Collected data
-*-*-

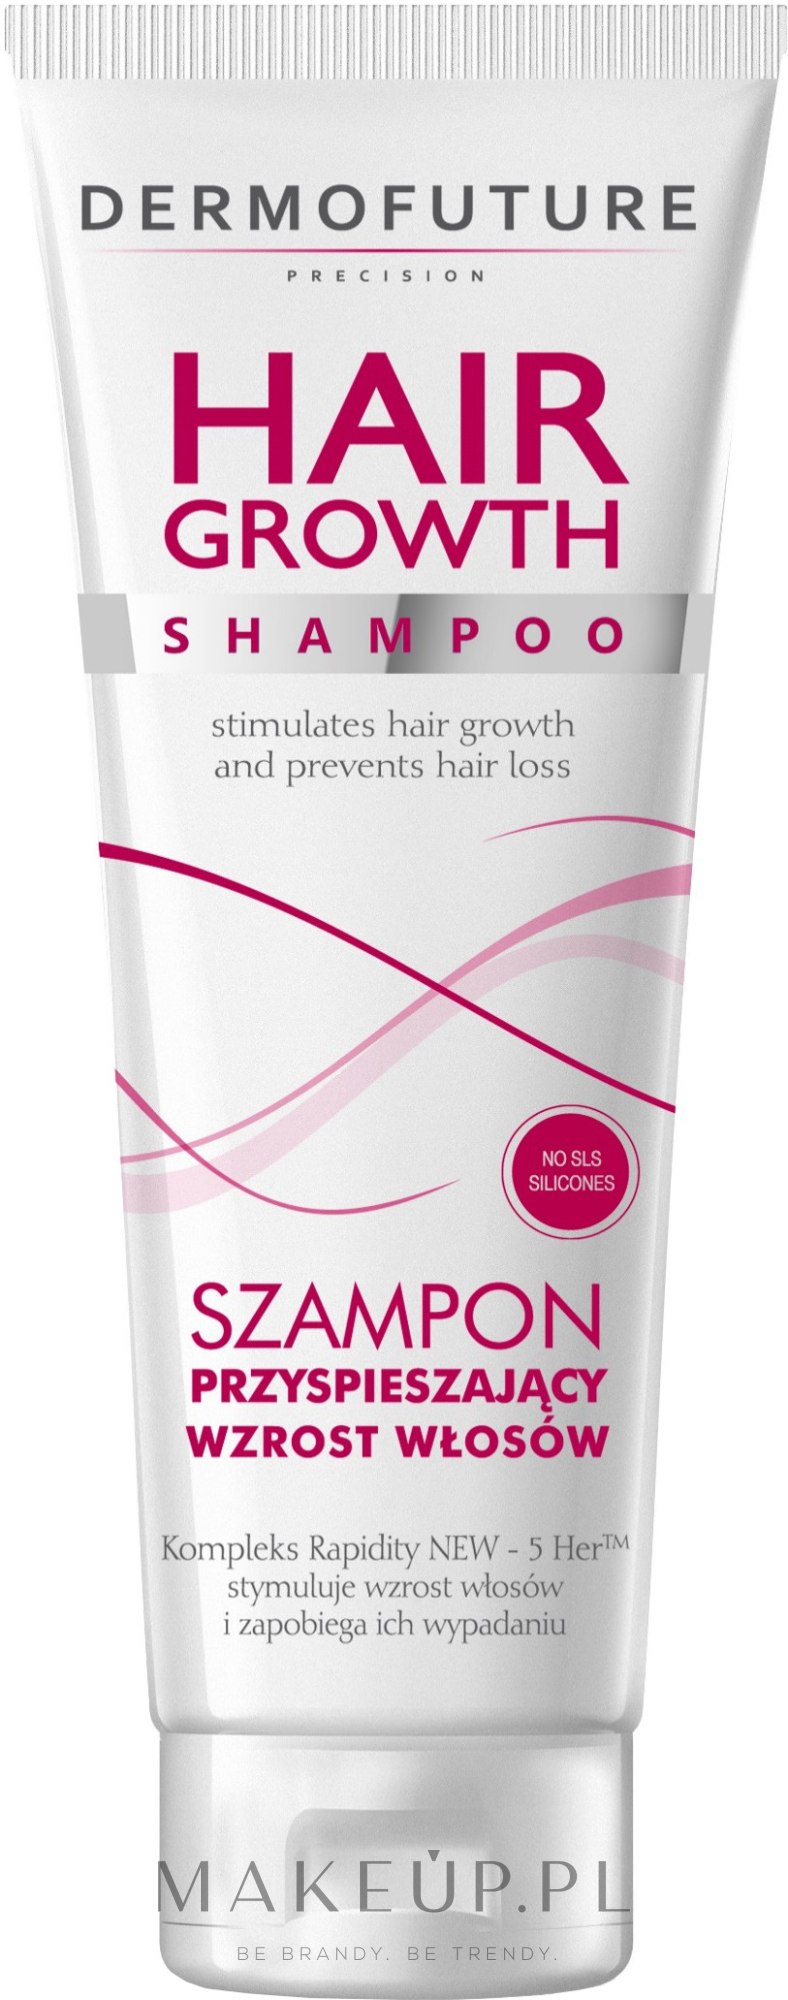 dermofuture szampon do włosów z aktywnym węglem blogspot
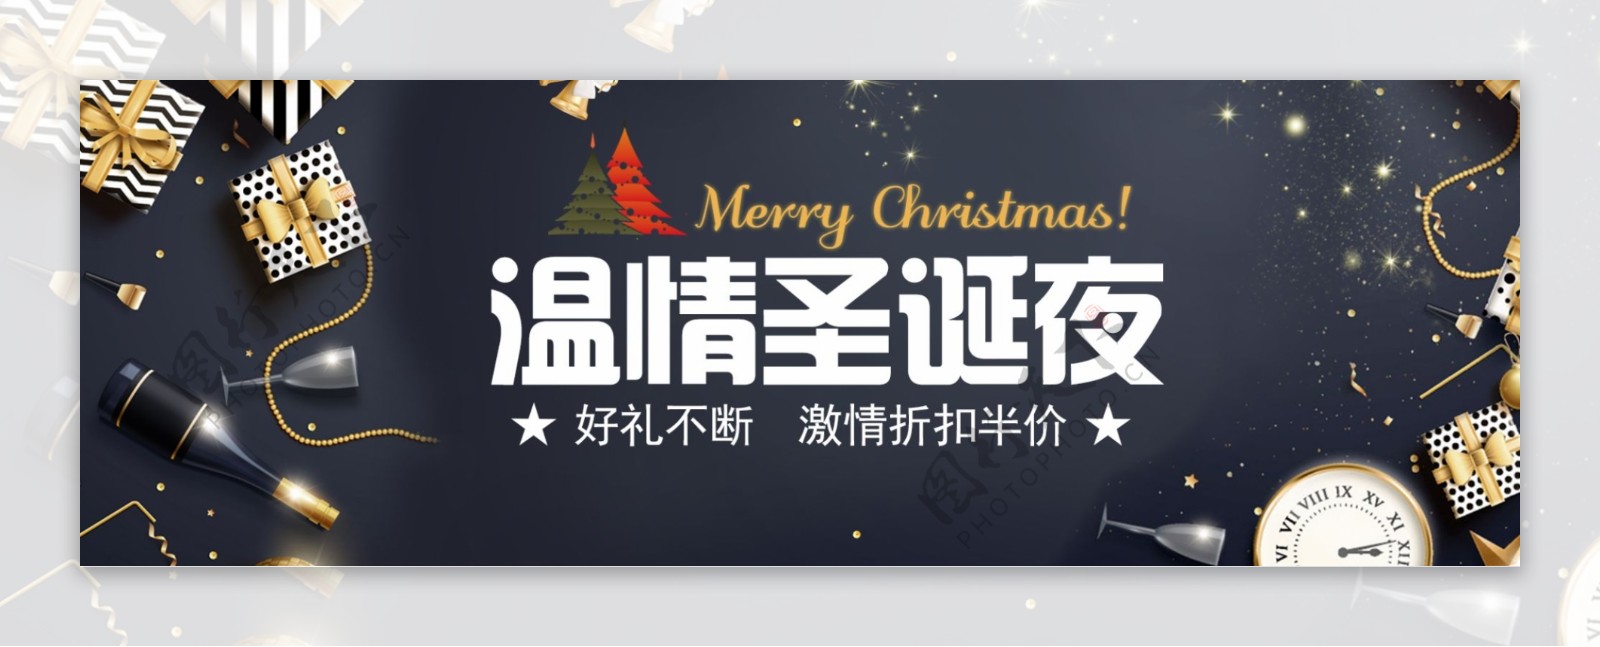 淘宝电商圣诞节黑色背景banner图
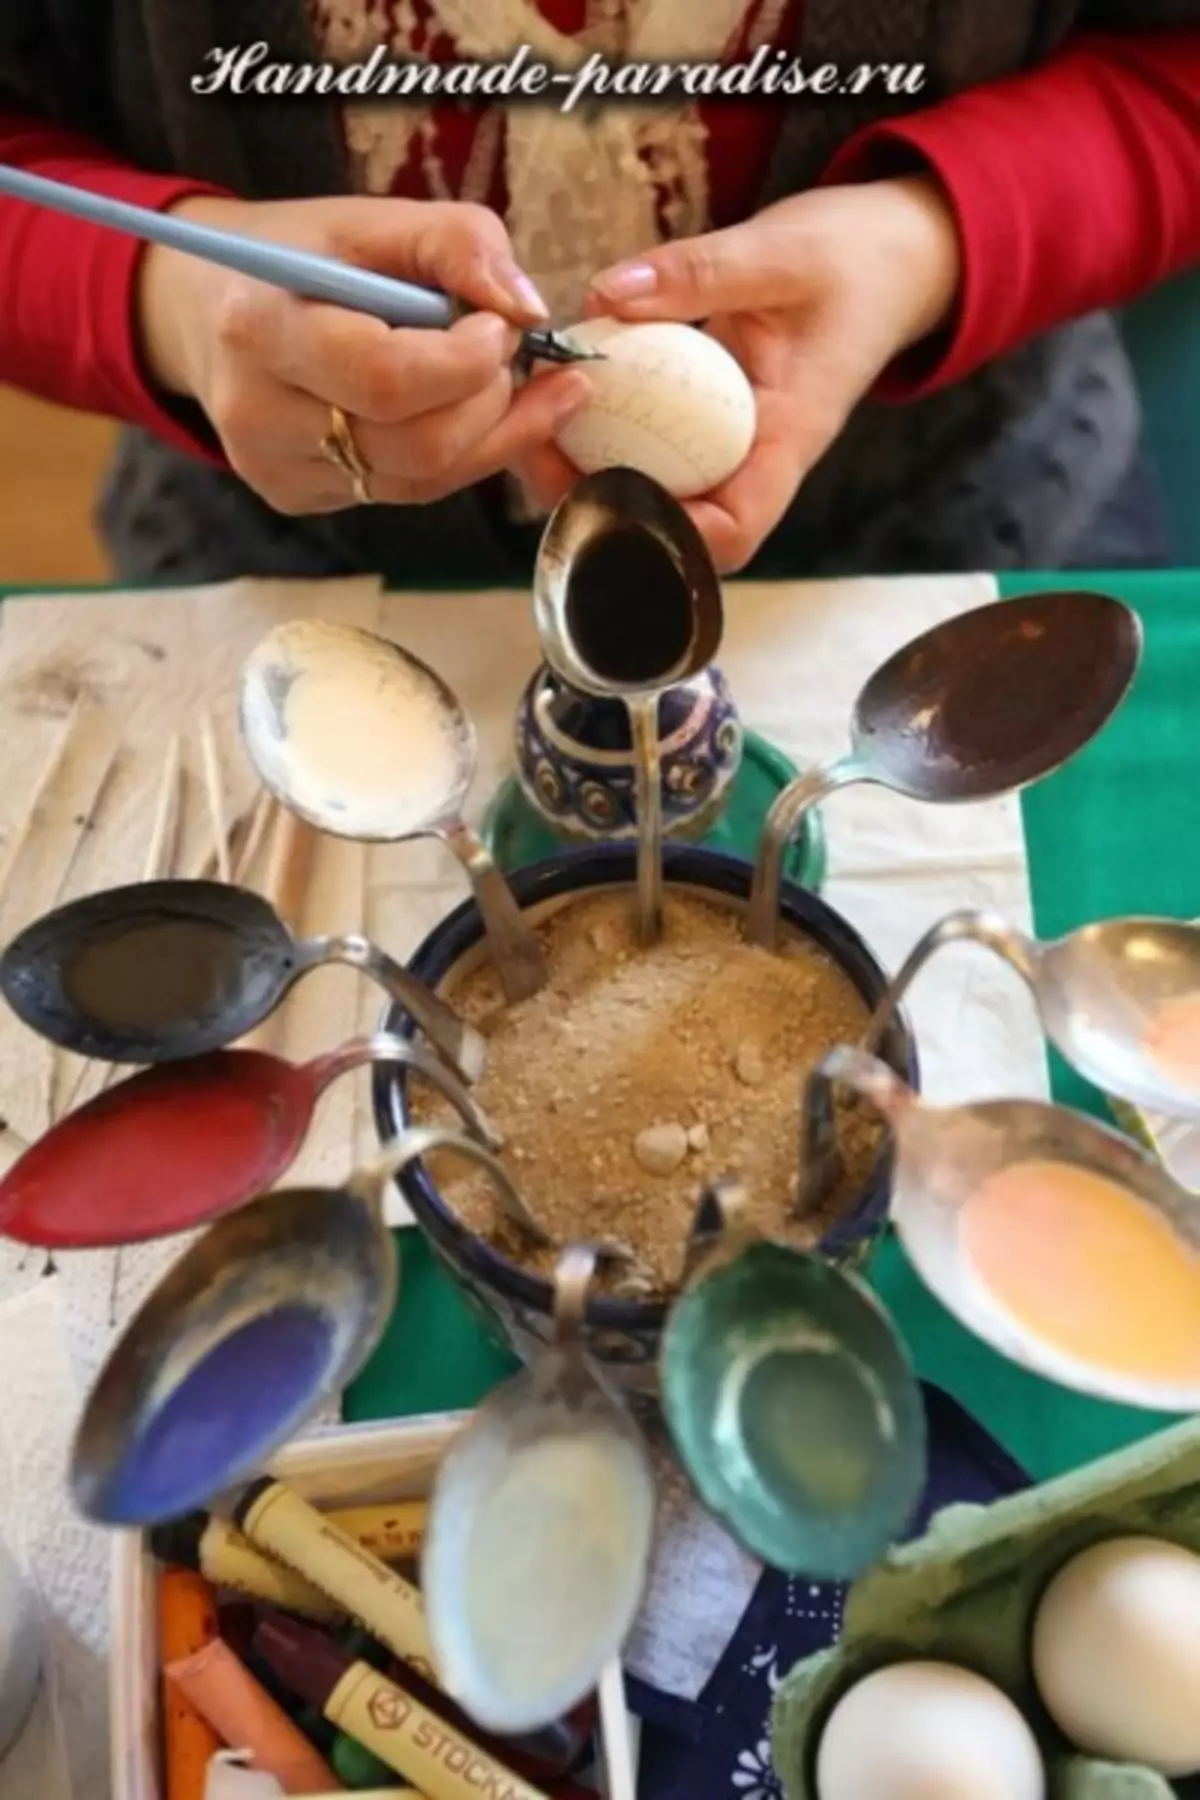 Eggs tapybos vaškas: magistro klasė namuose su nuotraukomis ir schemomis
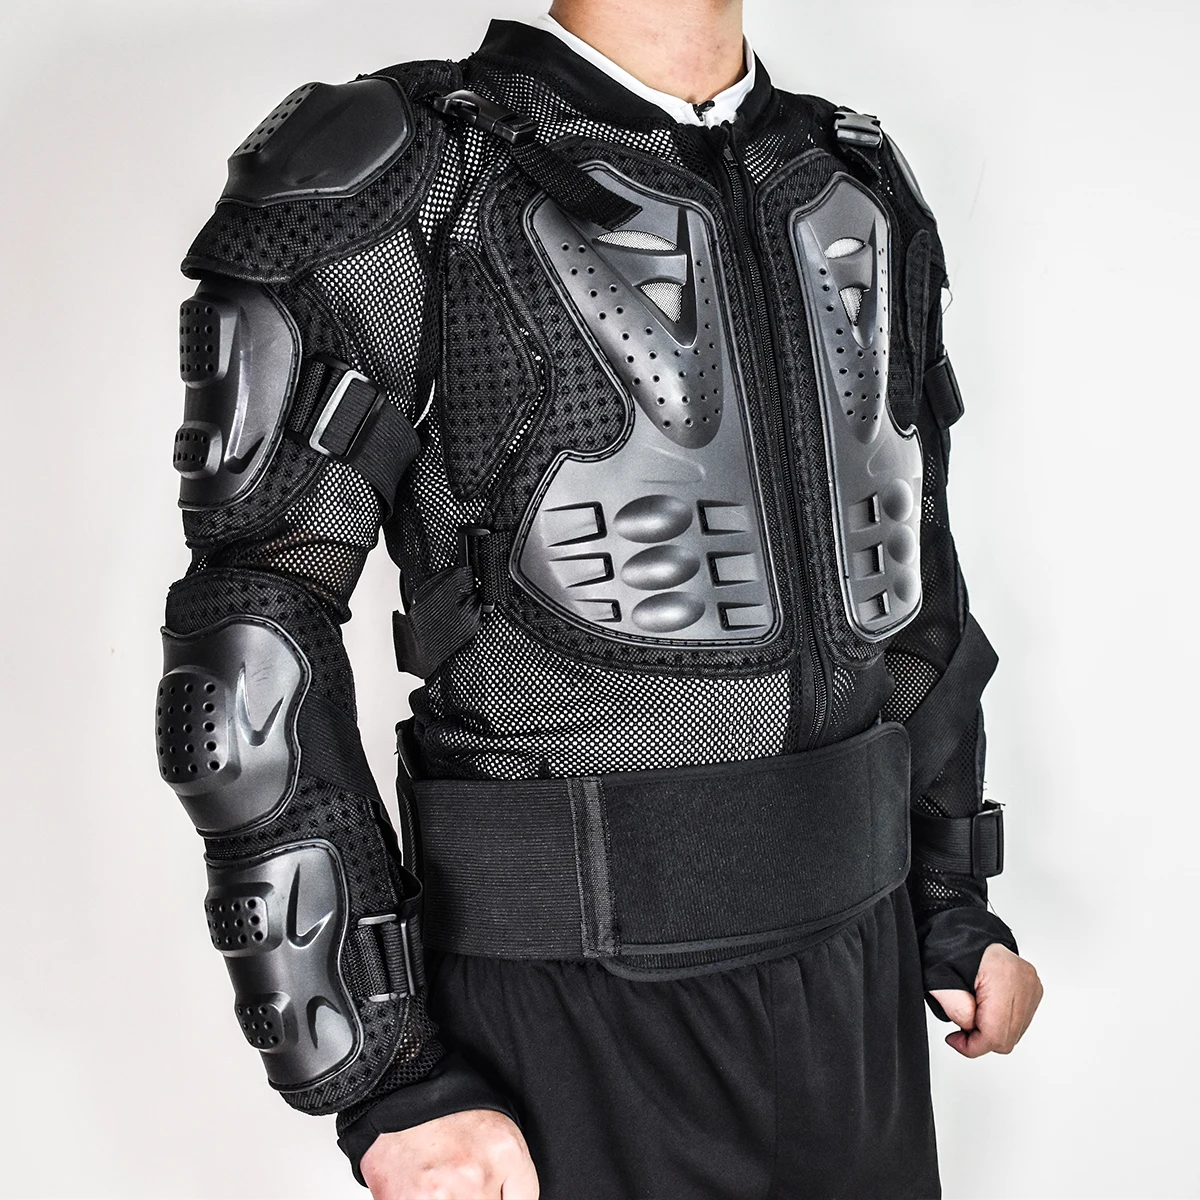 WOSAWE, спортивная куртка для защиты спины, поддержка тела, для езды на велосипеде, мотоцикле, мотокроссе, защитное снаряжение, для сноуборда, лыж, защита

-*-*-

Problem requirements
Without any of its pictures, the listing is to be repeated exactly as it stands.

Solution to this exercise
 dermofuture szampon do włosów z aktywnym węglem blogspot
 淘宝电商圣诞节黑色背景banner图
 Eggs tapybos vaškas: magistro klasė namuose su nuotraukomis ir schemomis
 WOSAWE, спортивная куртка для защиты спины, поддержка тела, для езды на велосипеде, мотоцикле, мотокроссе, защитное снаряжение, для сноуборда, лыж, защита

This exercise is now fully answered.